Tragedy at Henry Hagg Lake: An Unusual Multiple Drowning Case

     On Monday August 25, 2014, 42-year-old Jova Ixtacua, her daughter Gabriela, 25, Jova's son Michael, 15, and Gabriela's 3-year-old son Jeremy Scholl, had gathered at Henry Hagg Lake for a picnic and some swimming. The reservoir was a popular recreational park 25 miles west of Portland, Oregon. The family had traveled to the lake from their home in nearby Hillsboro.

     At six-thirty that Monday evening, a passerby came upon the body of an unconscious or dead child lying on the beach at the water's edge. Emergency personnel tried in vain to revive 3-year-old Jeremy Scholl. The boy was not wearing a lifejacket. On the beach not far from his body lay a towel, a cooler, a purse, four pairs of shoes, and a small dog secured on a leash. Members of the boy's family, people associated with the items on the beach, were nowhere to be found.

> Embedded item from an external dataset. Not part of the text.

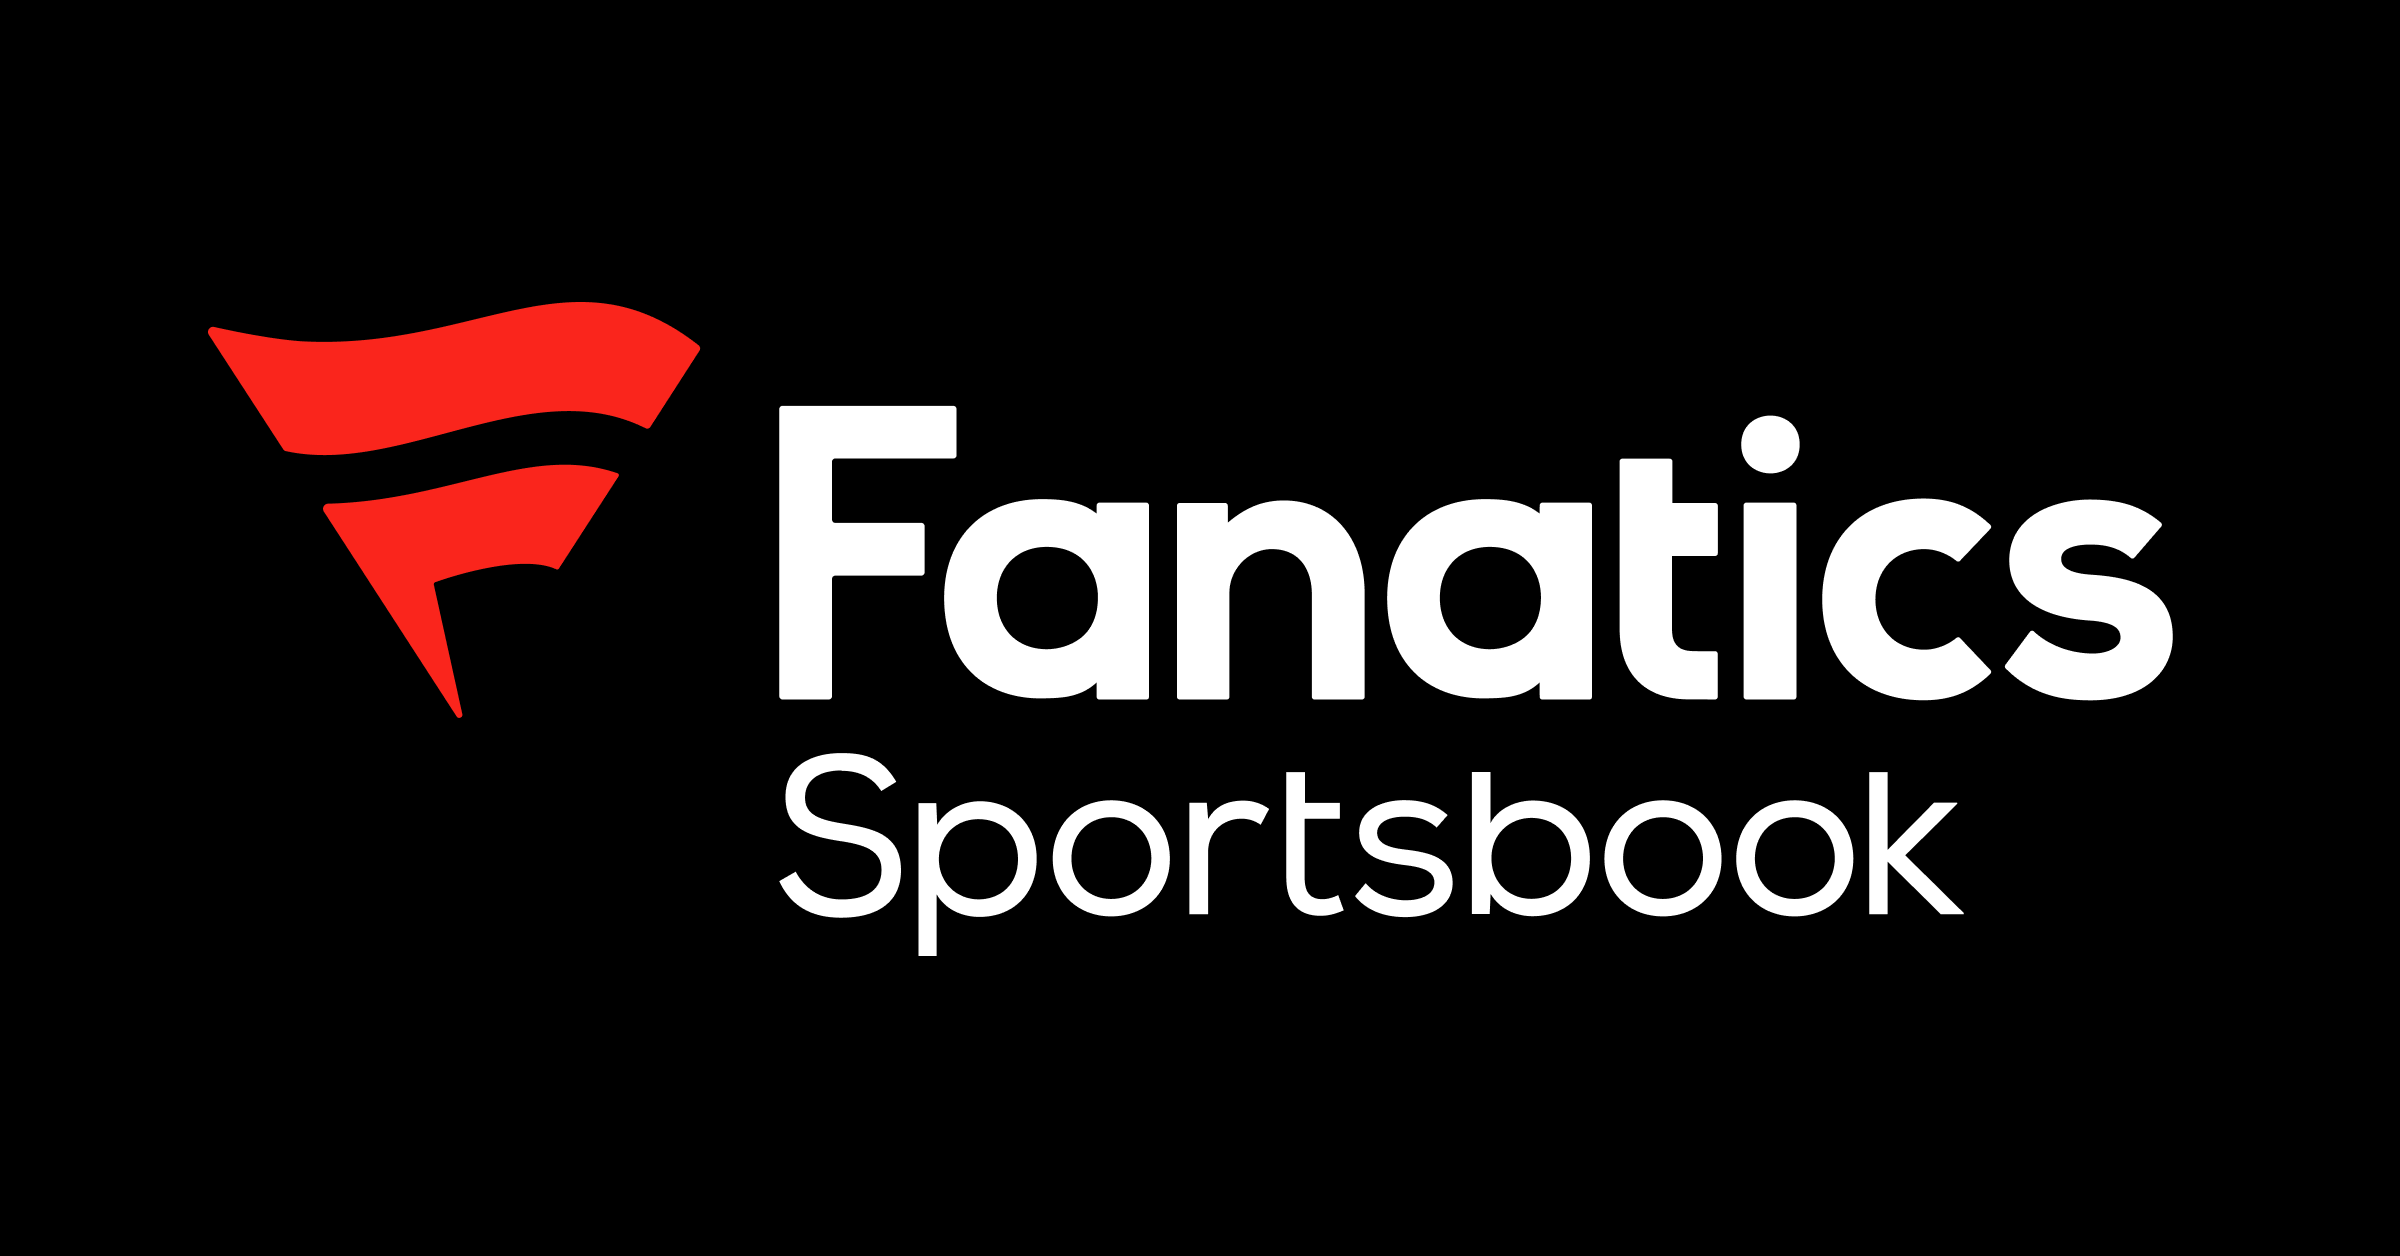 Fanatics sportsbook review

     An hour after the discovery of Jeremy Scholl's body, police officers and others began searching the two square miles of Henry Hagg Lake. The next day, at ten-thirty at night, searchers found three bodies floating in eight feet of water 40 feet from the shore about 50 yards from where the 3-year-old's body had washed up. The two women and the teenage boy were identified as Jeremy's grandmother, mother, and uncle.

     Sergeant Bob Ray of the Washington County Sheriff's Office told reporters that, "We are considering the deaths a tragic accident." Investigators believed the 3-year-old had fallen over a steep drop-off into the lake near the spot where the four sets of shoes and other items had been found. According to this theory, the boy's mother, grandmother and uncle had jumped into the water to save him and drowned themselves.

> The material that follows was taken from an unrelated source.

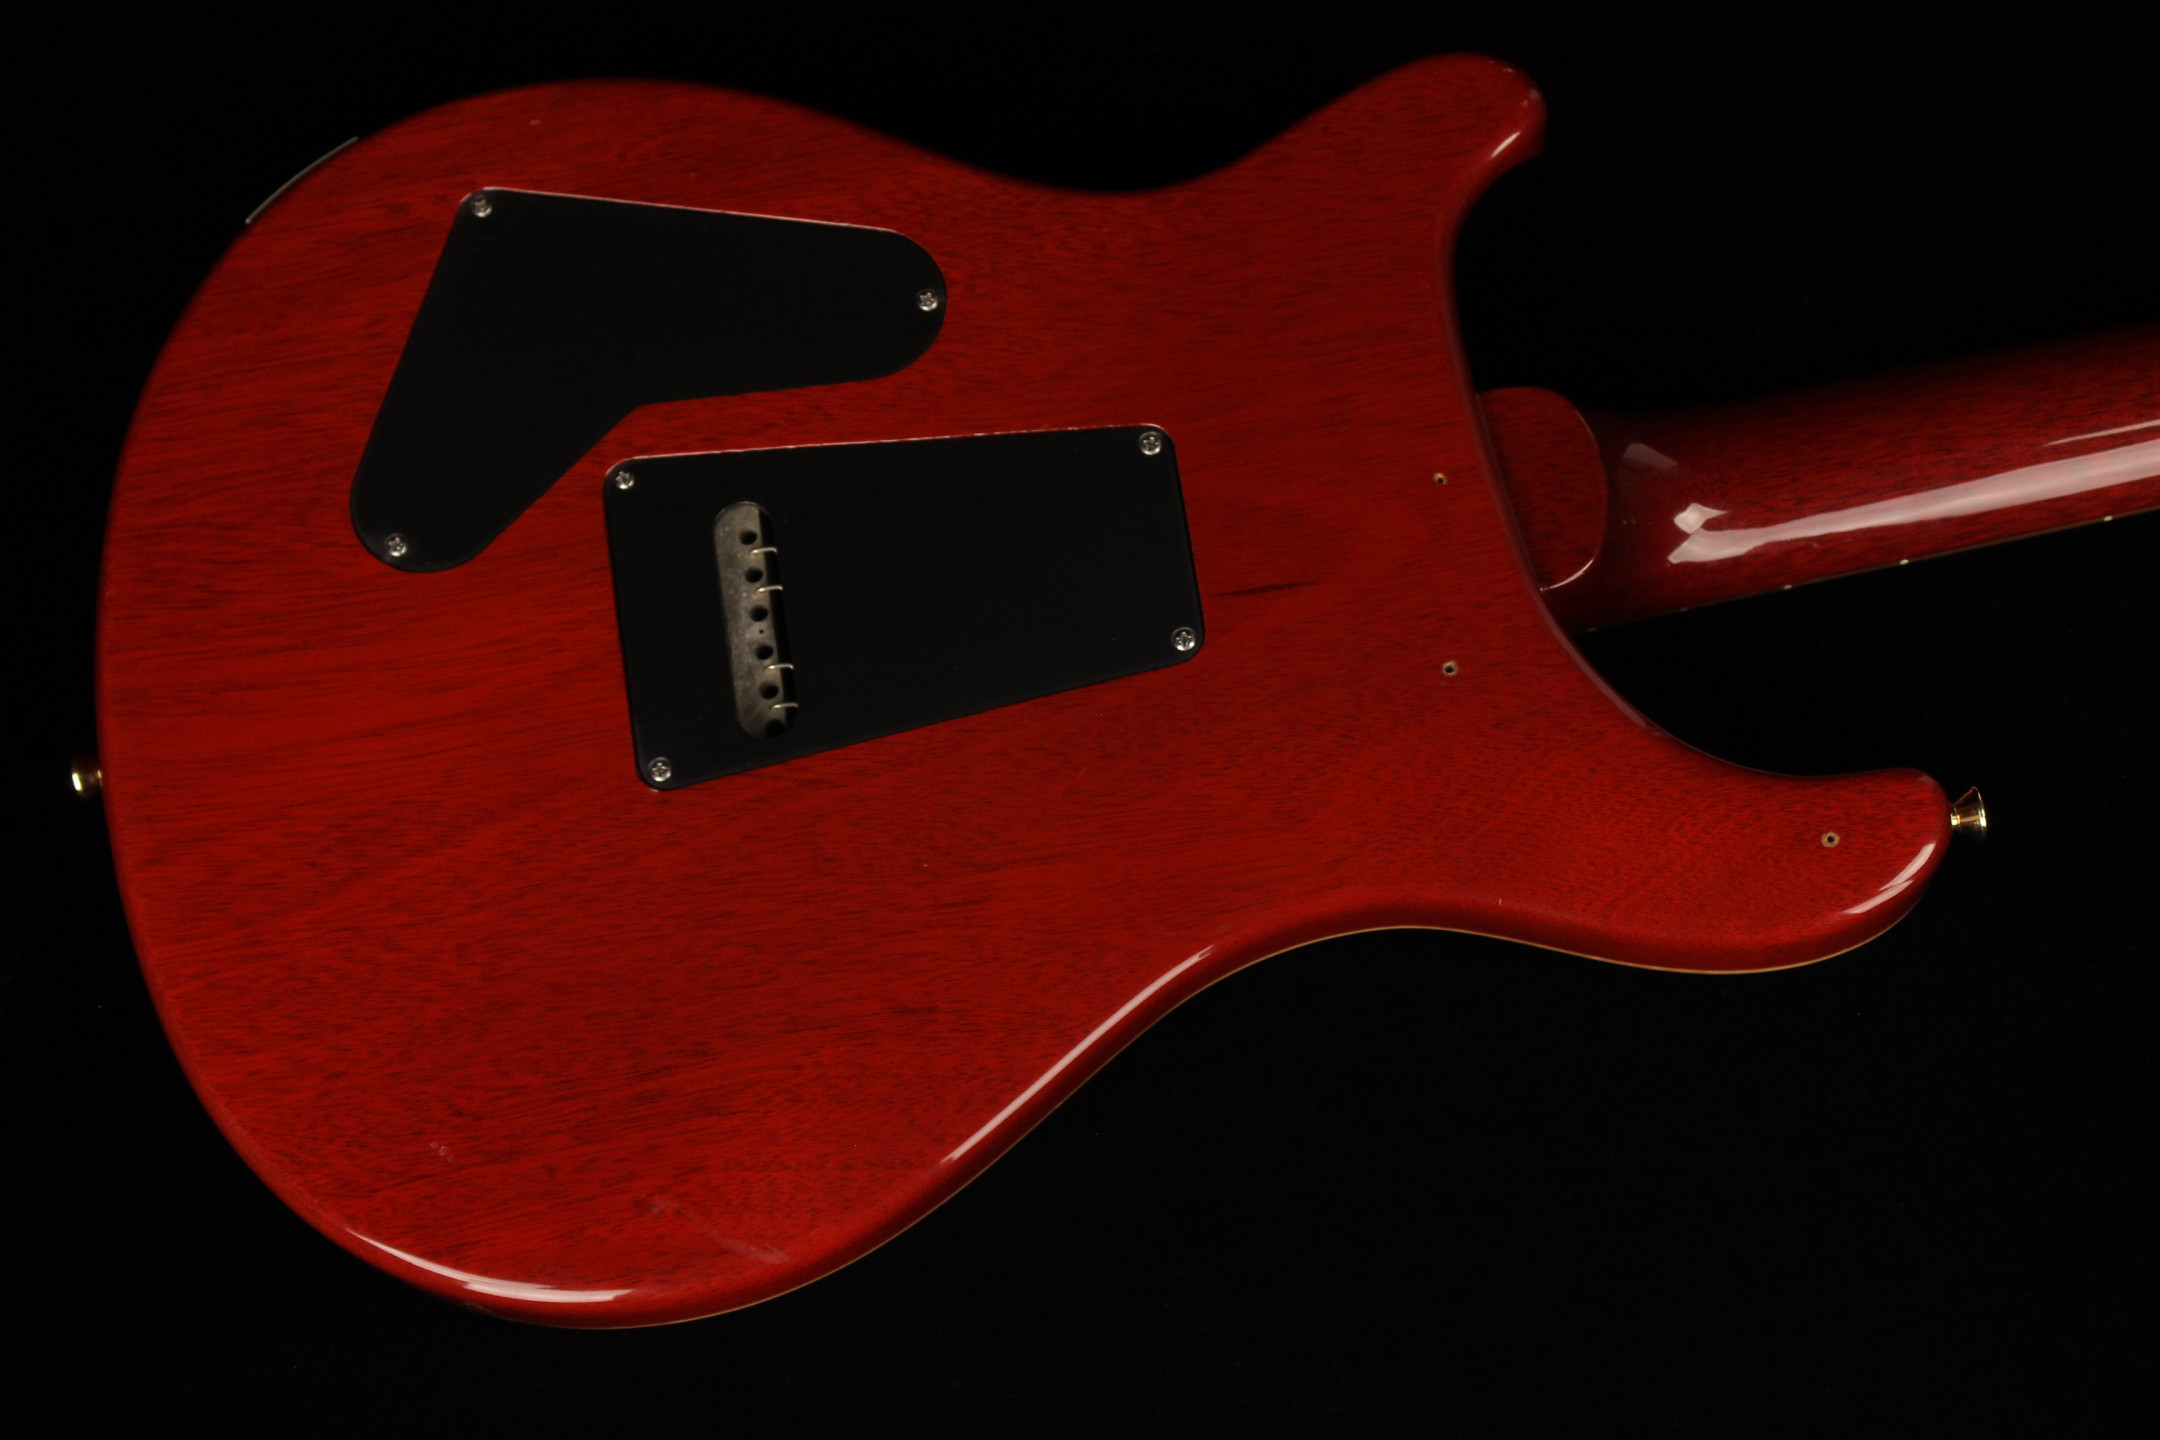 Paul Reed Smith Custom 24 Vintage Yellow Sn 08565 Gino Guitars

     Following the autopsies, the Oregon State Medical Examiner reported that the four family members had died from asphyxia by drowning. The medical examiner ruled the manner of deaths accidental. That closed the door on any homicide investigation.

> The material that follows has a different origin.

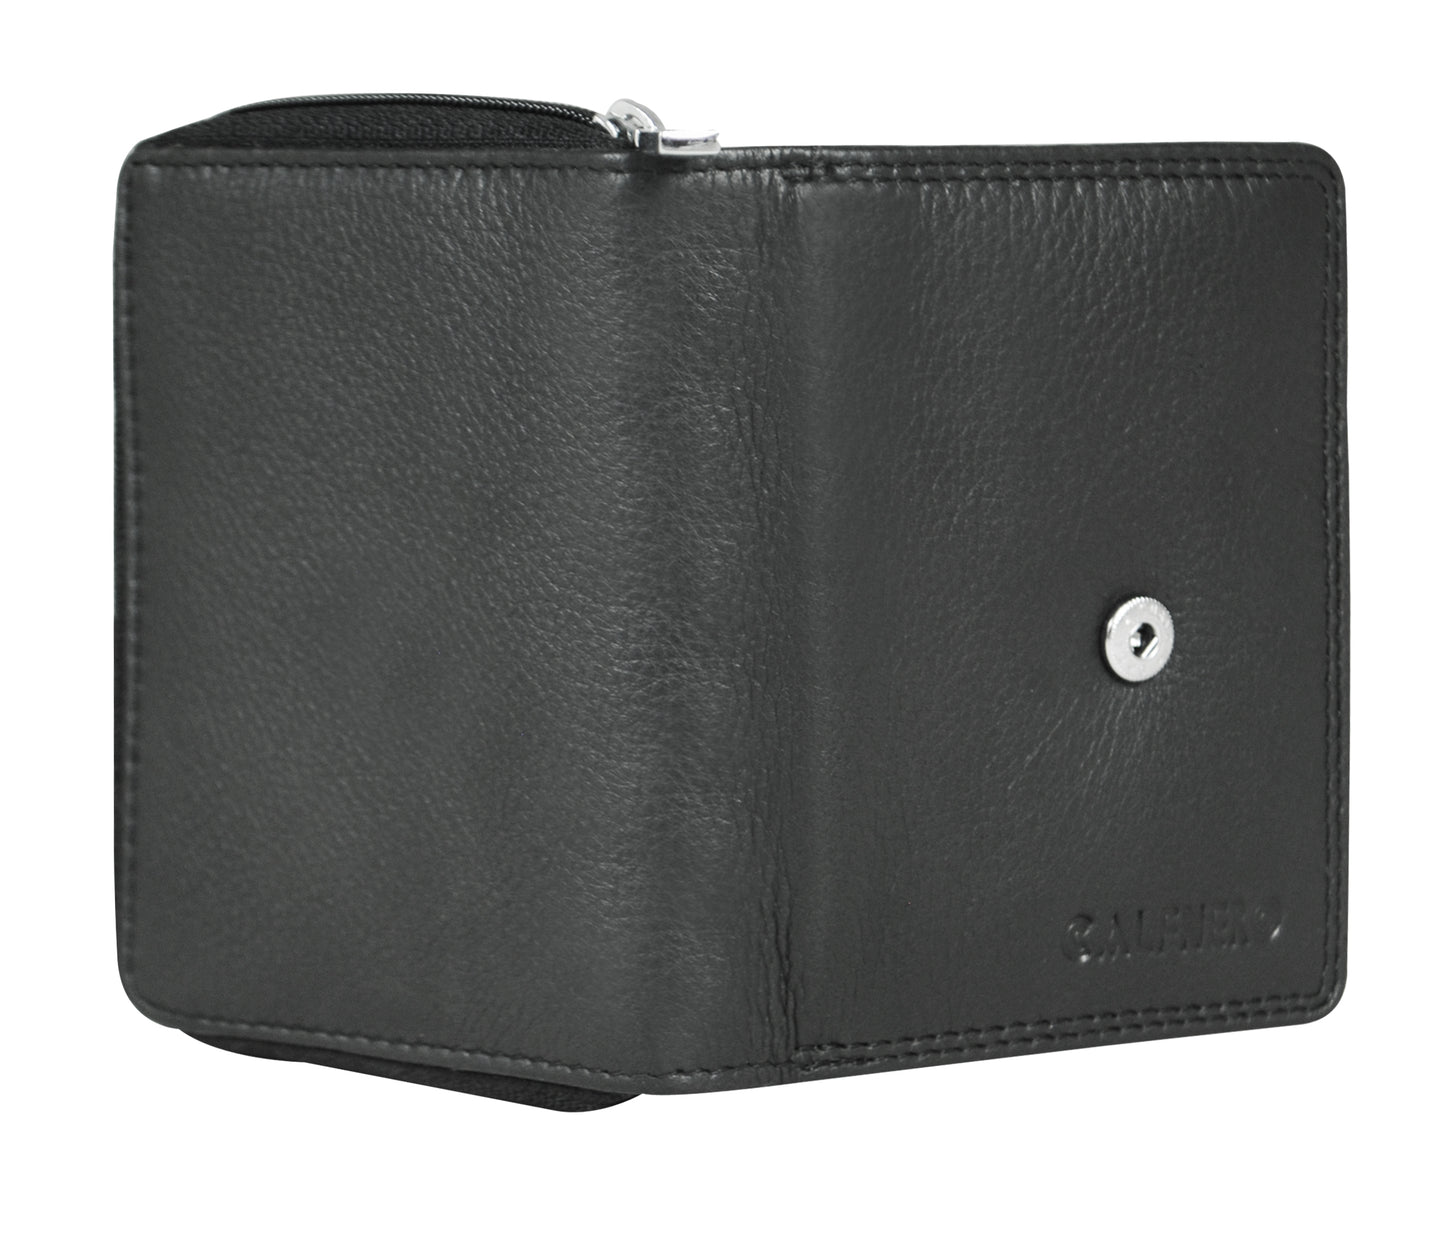 Calfnero Genuine Leather Women's Wallet (AK-81-BLACK)

     Because of the steep drop-off into the channel of a former river that flowed beneath the reservoir, Henry Hagg Lake, a recreational swimming venue that doesn't employ lifeguards, had been the site of several drownings and near drownings.

     Outside of boating tragedies, multiple accidental drownings are extremely rare. 

2 comments:

  1. Reminds me of when I was on a hiking trip in France a few years back. I sat down to eat by a water hole and noticed an old tombstone for 4 young children who had drowned there in the 1880s. Tragic.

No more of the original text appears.